Determination of cause-specific survival from claims or registry data is often confounded by submission or coding errors, limiting analysis of disease-specific survival in this population. A selection bias may have further confounded the analysis. This may explain the crossing of the survival curves in Figure 1. To sustain a delay in cystectomy beyond 24 weeks, subjects had to survive those 6 months; that the survival curve for these subjects eventually dropped below all other time lapse categories may represent deaths from bladder cancer exclusively. We cannot account for subjects delayed beyond 24 weeks who eventually received no cancer-directed care. Contemporary management of invasive bladder cancer mandates consideration of neoadjuvant chemotherapy based upon randomized controlled trials demonstrating some survival benefit.17 We specifically excluded subjects who received chemotherapy before cystectomy, and our results do not apply to patients appropriately selected for neoadjuvant chemotherapy. The impact of chemotherapy on optimal pathways of care that include radical cystectomy has yet to be clearly delineated. Importantly, these results should not be interpreted as an indictment of neoadjuvant chemotherapy because of the resultant impact on time to cystectomy. Finally, our analysis focused on Medicare beneficiaries, which may limit generalizability of our results. However, most patients with newly diagnosed bladder cancer are between the ages of 60 and 79 years and thus are of Medicare age.18
We sought to determine the impact of delays between the diagnosis of muscle-invasive bladder cancer and definitive extirpative treatment with radical cystectomy. We could not adjust for delays in care between symptomatic presentation and eventual diagnosis, which may be a more critical determinant of cancer-specific outcome than delays between diagnosis and cystectomy. Patients with hematuria may receive treatment with antibiotics before referral for further evaluation. For muscle-invasive cancers, the prolongation of time to evaluation engendered by this inappropriate management may be more condemning than their management once diagnosed.

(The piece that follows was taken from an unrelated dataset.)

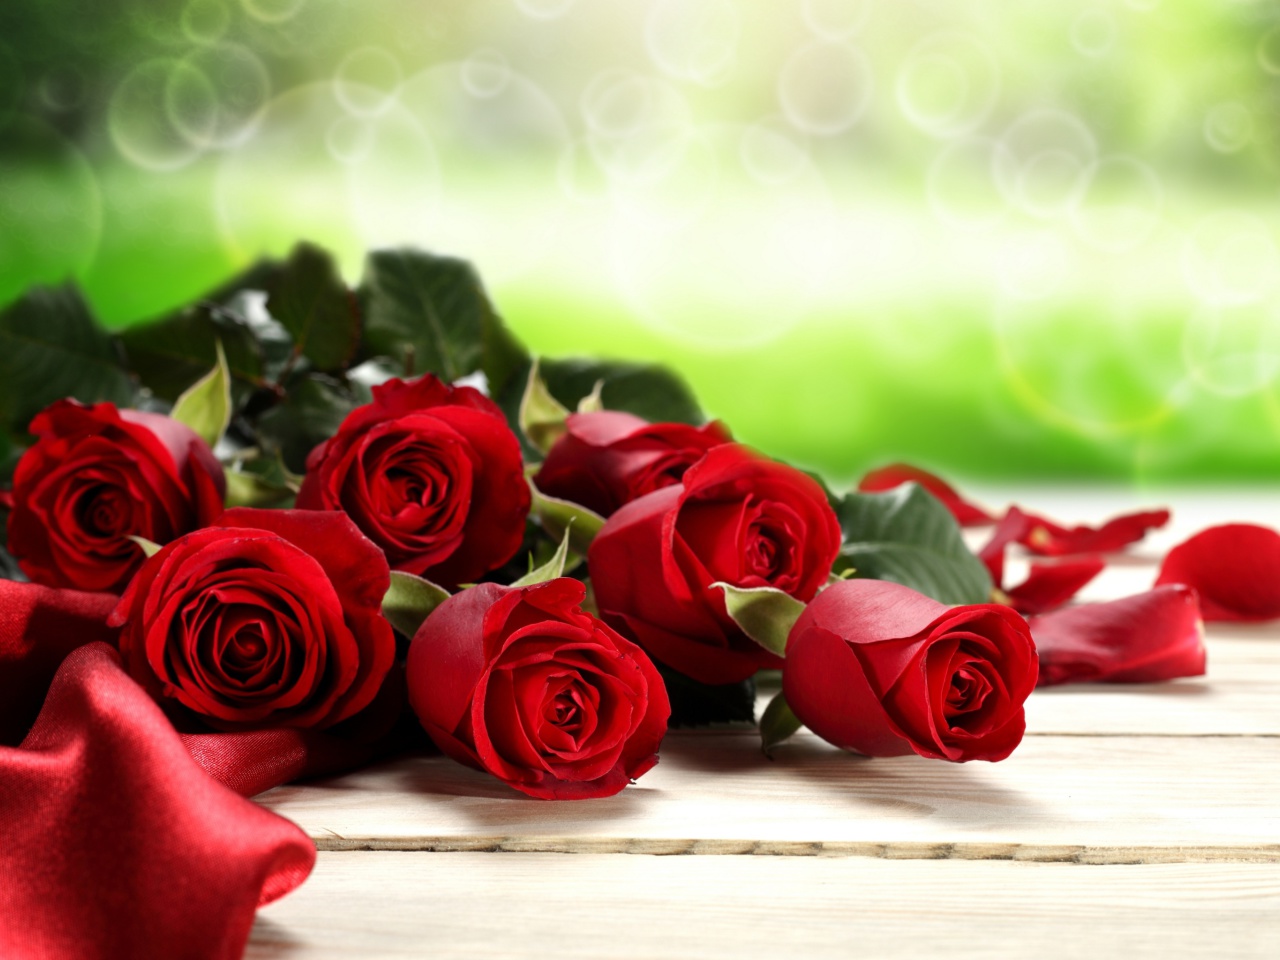 Red Roses for Valentines Day wallpaper 1280x960

Despite these limitations, these results demonstrate the detrimental impact of a delay beyond 12 weeks between diagnosis of muscle-invasive bladder cancer and definitive treatment with radical cystectomy. Delaying cystectomy for patients with muscle-invasive TCC of the bladder beyond 12 weeks confers worse disease-specific and overall survival. Prompt treatment remains fundamental to the management of stage II bladder cancer; those processes that expedite care in this population should be disseminated to minimize the magnitude of the cohort delayed beyond 12 weeks.